Habs mir mal ausgeliehen, wollte das damals auch mal kaufen. Aber alleine die runde Mainbar sagt mir schon nicht zu, und der vordere Bügel war mir zu groß. 
Da mir das Skypod auch nicht so zusagt, wegen der dicken Mainbar hab ich mir den Stalker gekauft.

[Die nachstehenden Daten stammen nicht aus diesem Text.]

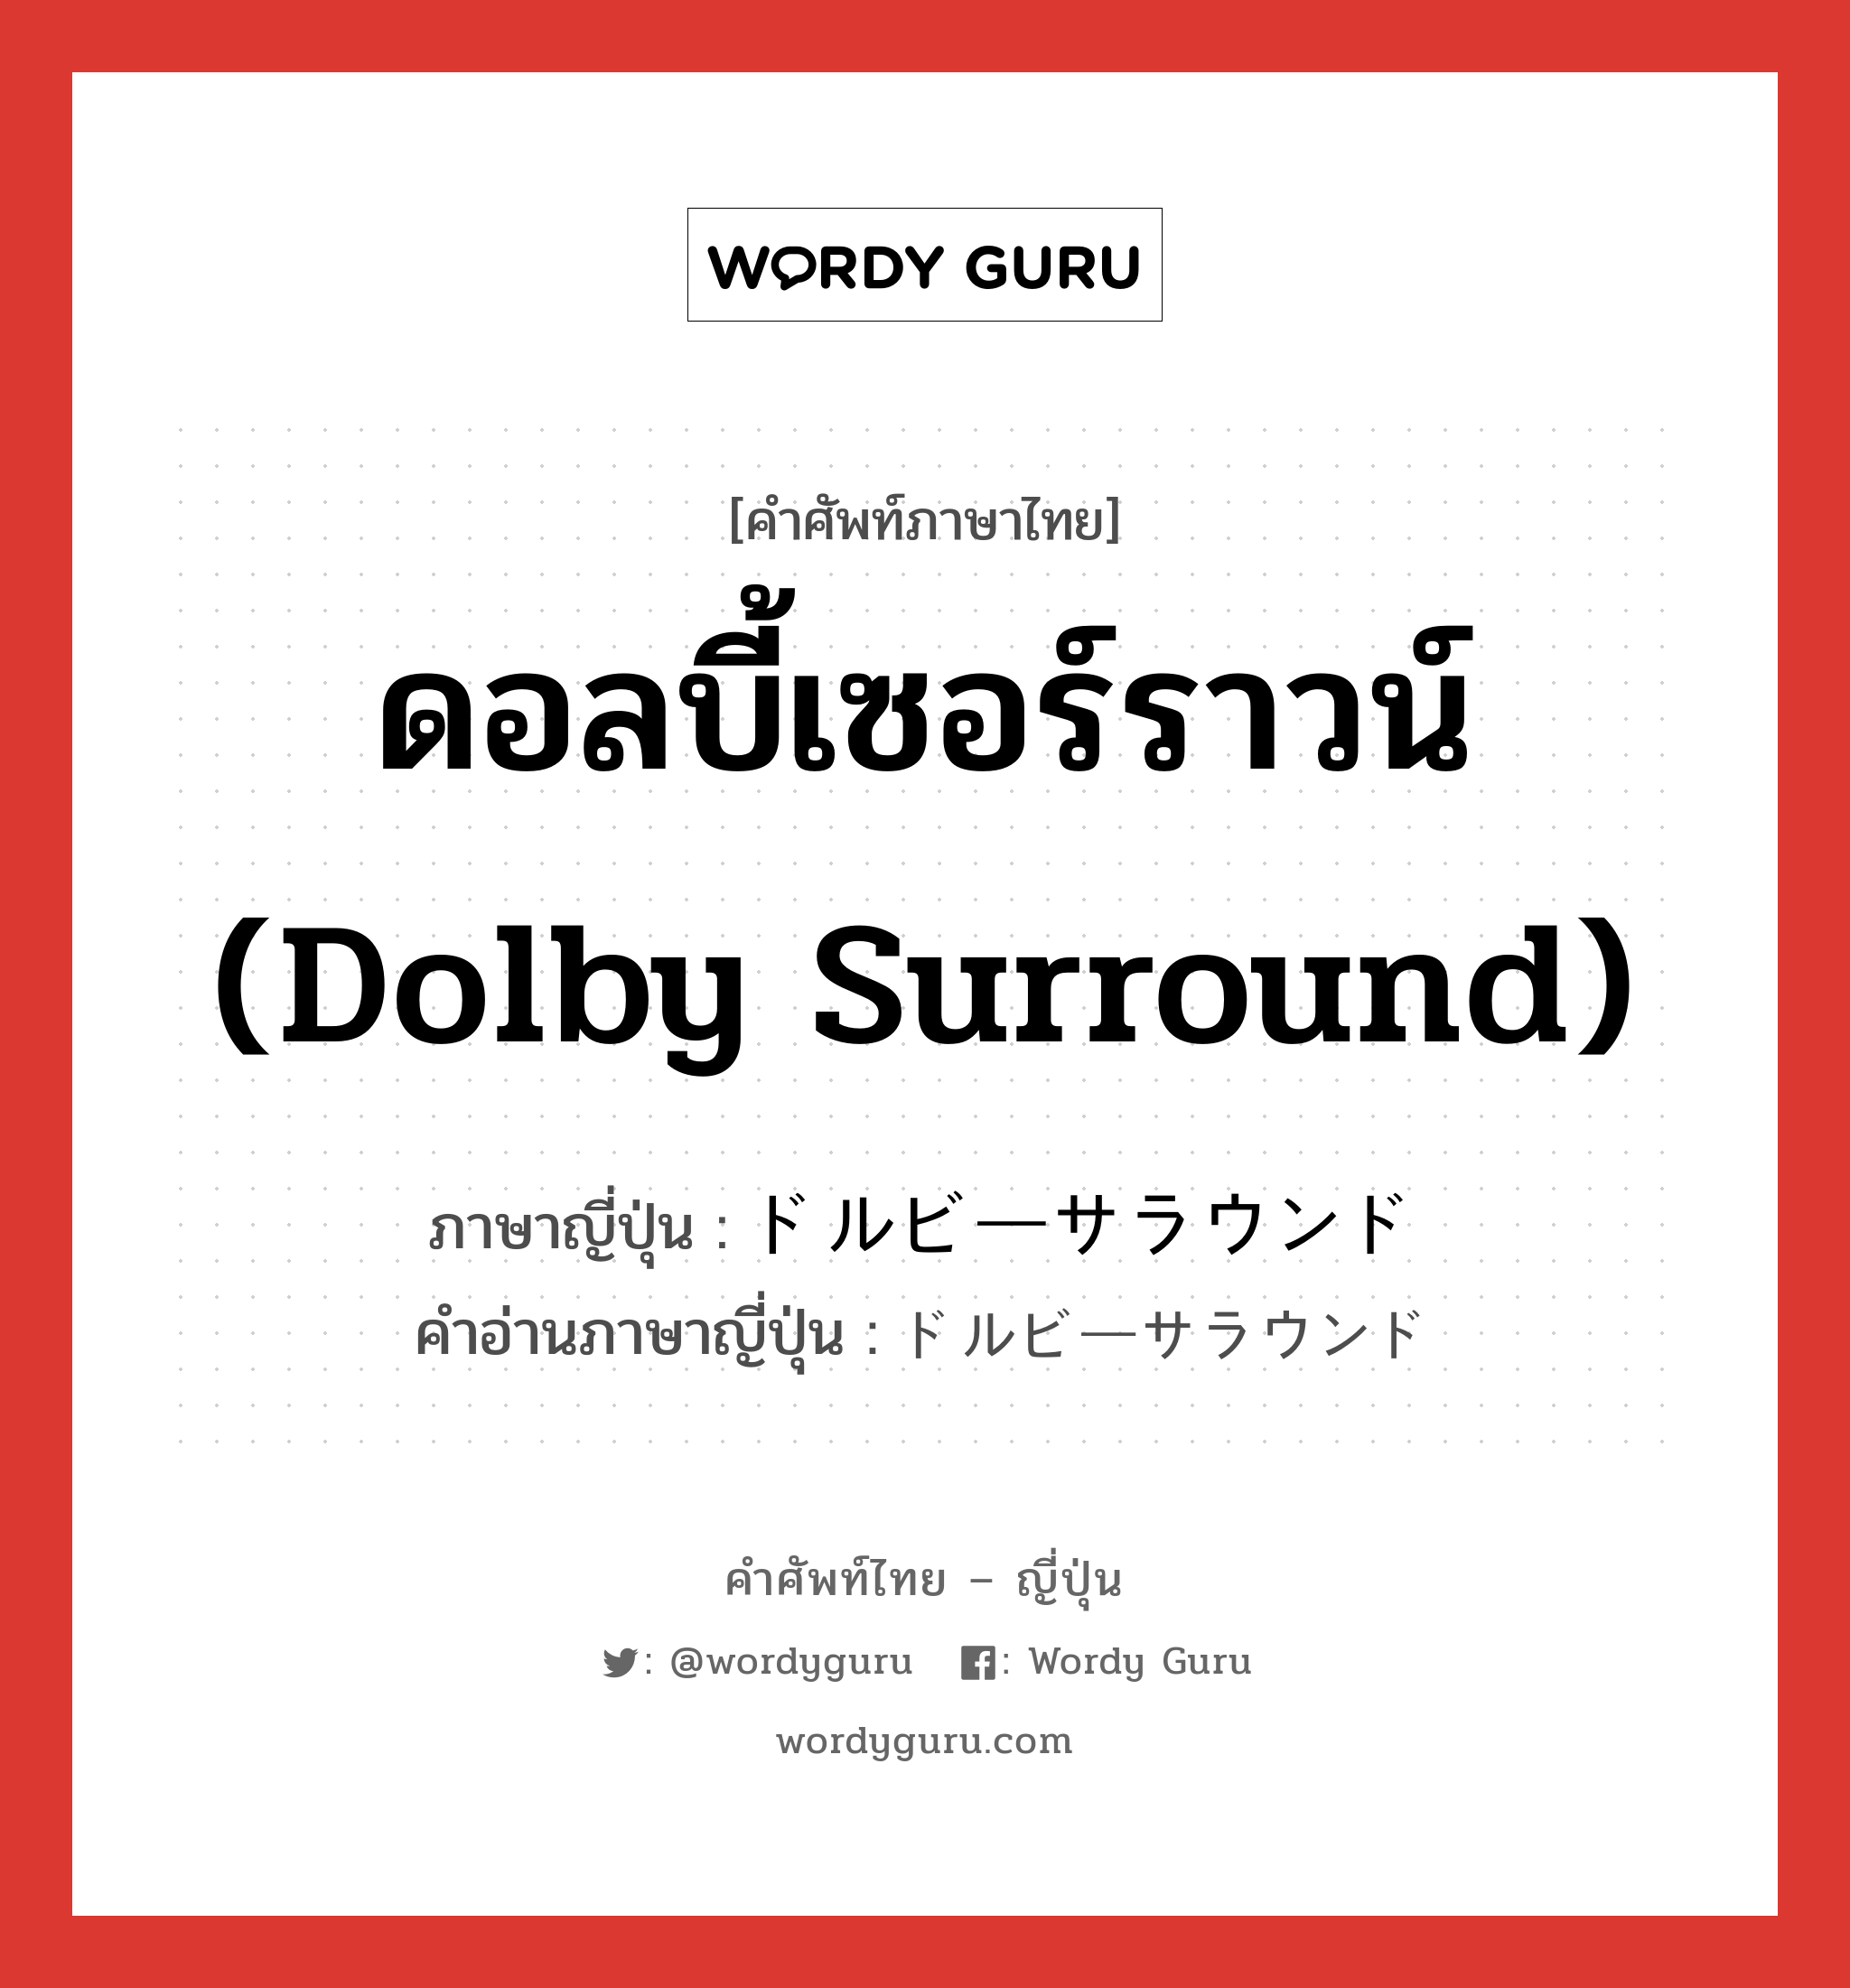 ดอลบี้เซอร์ราวน์ (Dolby surround) ภาษาญี่ปุ่นคืออะไร, คำศัพท์ภาษาไทย - ญี่ปุ่น ดอลบี้เซอร์ราวน์ (Dolby surround) ภาษาญี่ปุ่น ドルビーサラウンド คำอ่านภาษาญี่ปุ่น ドルビーサラウンド หมวด n หมวด n

Davon mal abgesehen, dass ich da, wo ich kann, sowieso mit Sticks fische.


----------



## Carras (11. Mai 2010)

*AW: Welchen rod pod würdet Ihr empfehlen?*

Hi,

geh auf http://www.angelsport-schirmer.de/  dann klickst Du auf Sonderliste und blätterst da auf Seite 61. Da ist es drin.


----------



## biggold (11. Mai 2010)

*AW: Welchen rod pod würdet Ihr empfehlen?*

dank dir erstmal dafür. schaue gleich mal rein.


----------



## Carras (11. Mai 2010)

*AW: Welchen rod pod würdet Ihr empfehlen?*

Ich kenne das GS selbst ganz gut. Mein Bruder fischt das seit 5 Jahren. Und hatte noch nie die Probleme die Du da erwähnst. 
Selbst in dem Test bei Carpheart ist es nicht so schlecht wie Du hier erzählst.
Würde Dich daher mal bitten, Objektiv zu bleiben und nicht irgendwas schreiben, damit was geschrieben ist.


----------



## EuroCarpeR (11. Mai 2010)

*AW: Welchen rod pod würdet Ihr empfehlen?*

Liste hier lediglich meine Meinung auf, sollte kein Problem sein oder?


----------



## Carras (11. Mai 2010)

*AW: Welchen rod pod würdet Ihr empfehlen?*



EuroCarpeR schrieb:


> Liste hier lediglich meine Meinung auf, sollte kein Problem sein oder?


 
Nein, Deine Meinung ist an Sich, kein Problem.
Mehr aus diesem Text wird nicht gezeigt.